Das Besondere an meinem Zeitstempel, dass diese in der DDR (ca. Anfang 80er Jahre), wohl als Präsent, durch ein Berliner Bau-Unternehmen verschenkt wurde. Die Stempelplatte trägt auch den Namen dieses Unternehmens. Angeblich war dieser Stempel ein Geschenk aus England. Nun weiß ich aber, dass dieser im Schwarzwald hergestellt wurde.
Danke.
Gruß
Michael
Hallo Herr Kelz,
sehr interessanter Artikel. Es ist erstaunlich, wie genau Sie sich mit diesem schönen Teil Mechanik ohne Chip und Batterie auseinandergesetzt haben.
Ich habe auch solch einen Zeitstempel.
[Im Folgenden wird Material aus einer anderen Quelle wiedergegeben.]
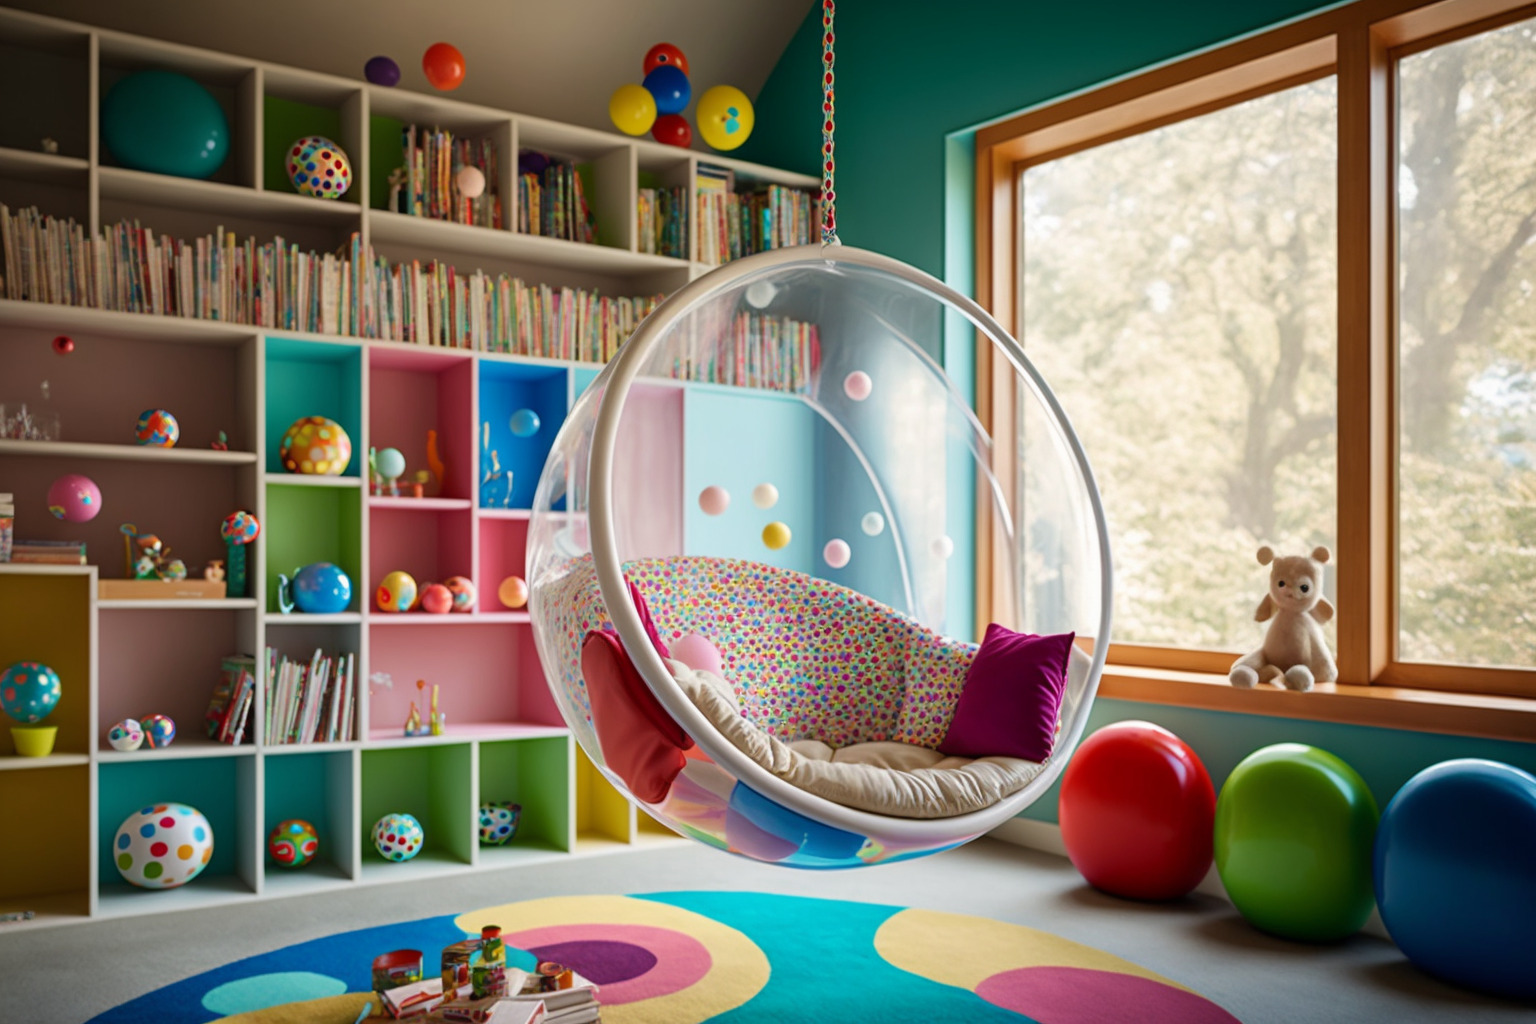 Verspieltes Und Farbenfrohes Kinderspielzimmer Mit Einem Durchsichtigen Bubble Chair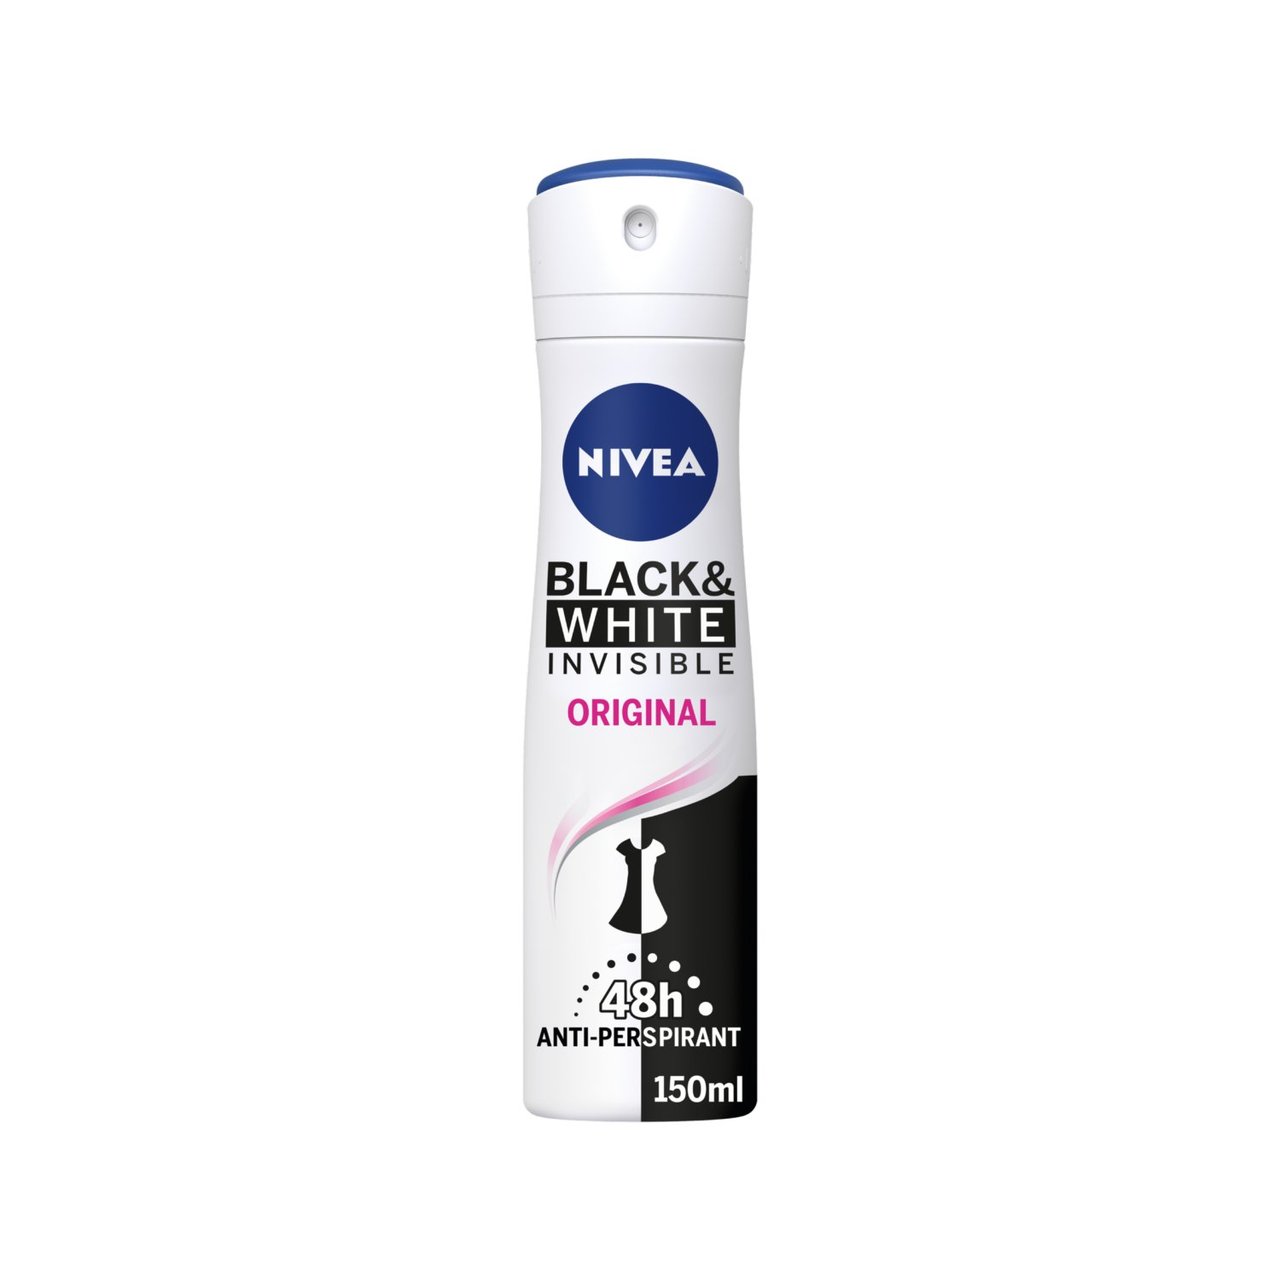 Nivea Black & White Invisible Clear Anti-Perspirant Deodorant

Dass dieses Teil „schwebend“ gelagert werden muss, um korrekt zu funktionieren, ist ein guter Hinweis.
Können Sie einschätzen, was dieses Teil für einen Wert hat?
Viele Grüße
Frank
Hallo Frank,
normalerweise äußere ich mich nicht zum Wert von Uhren oder ähnlichen Artikeln. In diesem Fall gehe ich davon aus, dass solche Zeitstempel keinen nennenswerten Wert haben, da sie weder selten noch begehrt sind. Sie sind einfach interessante Zeitzeugen.
Sehr interessanter Beitrag. Ich vermute die Differenz in der Anzahl Steine rührt daher, dass die Lagersteine am Anker nicht mitgezählt werden. Schreibfehler: war statt wahr.
Hallo Andreas.
Bei der Angabe der angezeigten Zeit ist dir ein kleiner Fehler unterlaufen.
Es zeigt nicht wie von dir angegeben 02:58 Uhr, sondern 02:53 Uhr an.
Gruß, Hans
Hallo Hans,
du hast natürlich Recht. Vielen Dank!